• _What this task involves_
After locating the line that contains "Bodybuildinghandschuhe Fitnesshandschuhe Handschuhe" in the records below, write out exactly that line and each line after it through the one that contains "第二张是最大的苏联地图,国土面积2240万平方公里", and nothing else.

• _Data_
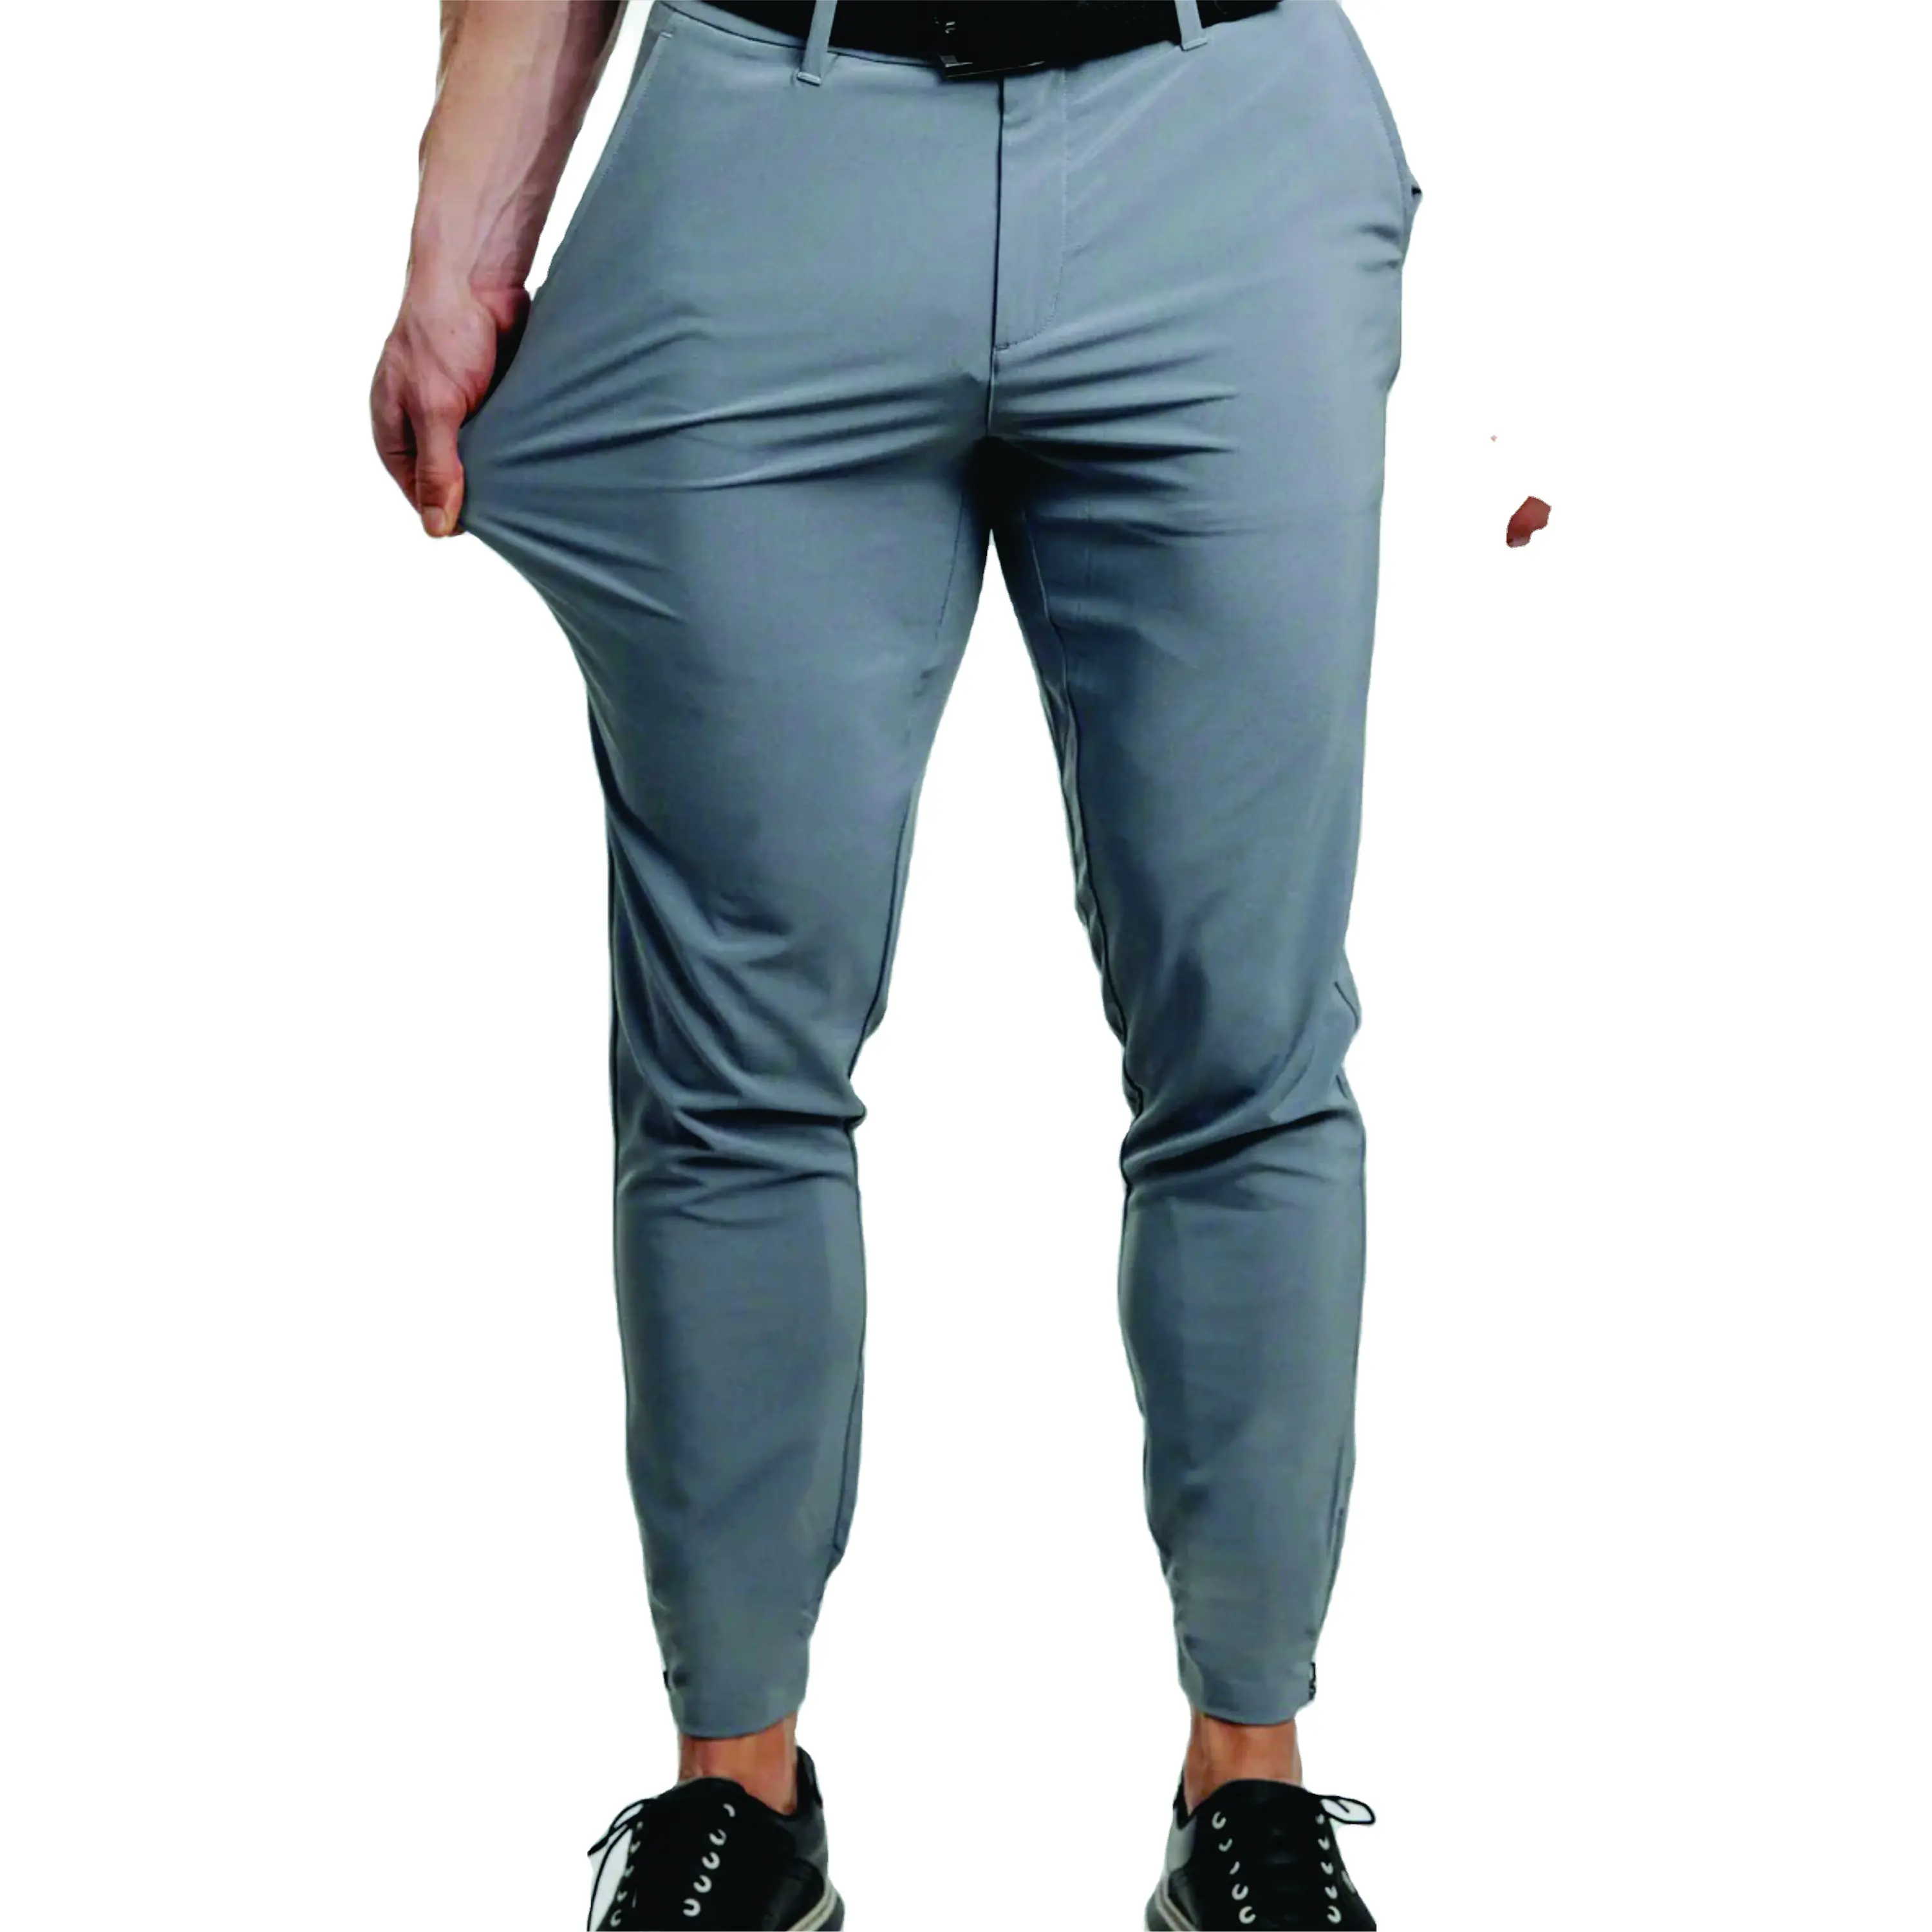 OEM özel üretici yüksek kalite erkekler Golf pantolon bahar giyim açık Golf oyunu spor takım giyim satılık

...

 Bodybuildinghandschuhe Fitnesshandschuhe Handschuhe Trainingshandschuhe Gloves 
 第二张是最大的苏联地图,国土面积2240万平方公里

==

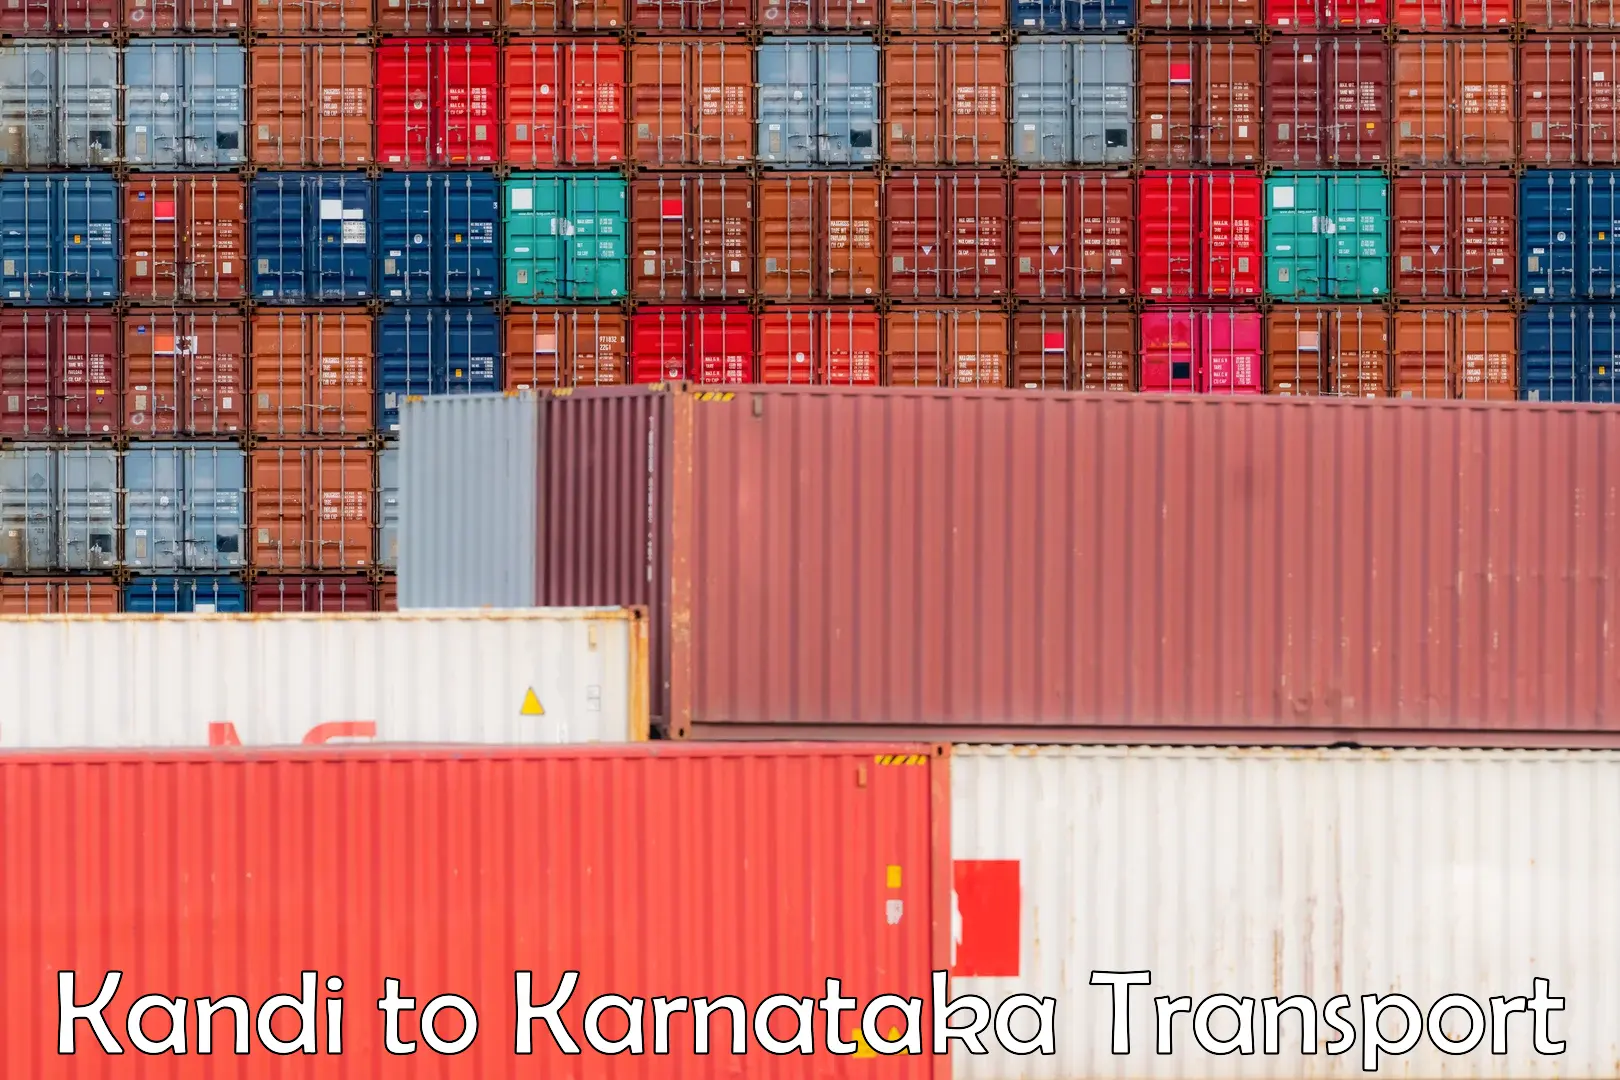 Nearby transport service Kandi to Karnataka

• _Task solution_
 Bodybuildinghandschuhe Fitnesshandschuhe Handschuhe Trainingshandschuhe Gloves 
 第二张是最大的苏联地图,国土面积2240万平方公里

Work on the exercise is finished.